T2T Annotation

RefSeq annotation of the CHM13 genome

The RefSeq annotation of the CHM13 genome is available here. As of July 2023, this is version 5.1 which fixes some special character issues in RefSeq. The annotation can also be found on the T2T CHM13 github site, https://github.com/marbl/CHM13.

This annotation was created by using the Liftoff program [1]; (v1.6.3, with options -copies -sc 0.95 -polish -exclude_partial -chroms) to map across all human genes in RefSeq [2] annotation release 110 from the GRCh38.p14 genome to the CHM13v2.0 genome, a complete, gap-free human genome published by the Telomere-to-Telomere (T2T) consortium [3].

Of the 58,700 genes (19,871 protein coding) and 179,372 transcripts (130,361 protein coding) annotated on the main chromosomes and unplaced contigs in GRCh38, we successfully lifted over 58,272 genes (19,767 protein coding) and 178,688 transcripts (130,426 protein coding). We also used the "-copies" option in Liftoff to identify additional gene copies in CHM13, using a minimum sequence identity threshold of 95% at the DNA level. With this threshold, we found 2,393 additional gene copies (239 protein coding). Finally, we added the ribosomal DNA (rDNA) annotations on the acrocentric chromosomes from the CHM13v2.0 annotation, which were created using the Comparative Annotation Toolkit (CAT) [4]; and Liftoff. These steps resulted in a total gene count of 61,322 (20,006 protein coding) and a total transcript count of 181,715 (130,426 protein coding). The table below shows the number of genes of each biotype in GRCh38 and CHM13.

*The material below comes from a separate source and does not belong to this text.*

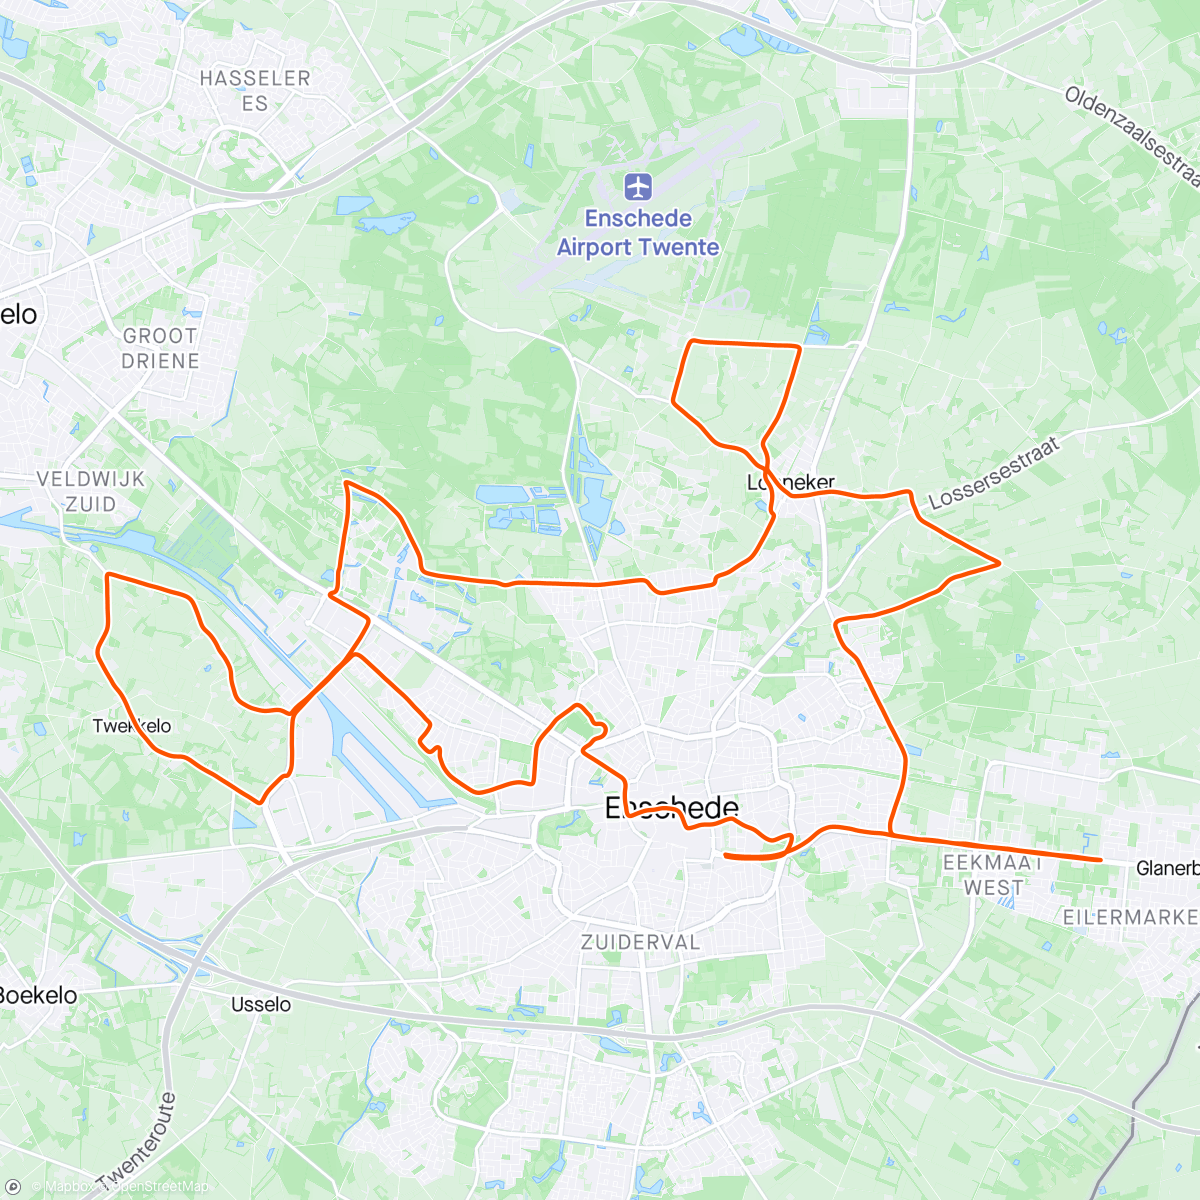 「Marathon Enschede」活動的地圖

Gene biotype	Number of genes in GRCh38	Number of genes mapped onto CHM13
protein coding	19871	20006
lncRNA	17793	18389
pseudogene	15357	16030
miRNA	1914	2047
transcribed pseudogene	1221	1262
snoRNA	1195	1188
tRNA	431	522
V segment	239	245
V segment pseudogene	189	209
snRNA	153	192
J segment	98	79
ncRNA	51	49
rRNA	38	325
misc RNA	36	37
D segment	32	0
C region	21	23
antisense RNA	19	19
other	14	13
J segment pseudogene	7	6
C region pseudogene	5	5
Y RNA	4	7
vault RNA	4	4
scRNA	4	4
telomerase RNA	1	1
RNase P RNA	1	1
RNase MRP RNA	1	1
ncRNA pseudogene	1	1
Total	58700	60655

A comparison of the genes using gene IDs to match annotations is shown in the figure below. Genes were compared between RefSeq v110 on GRCh38, the Liftoff version of RefSeq on CHM13, and the NCBI version of RefSeq on CHM13. The NCBI version, shown in blue, was produced using the Gnomon pipeline, which only mapped approximately half of the protein coding genes.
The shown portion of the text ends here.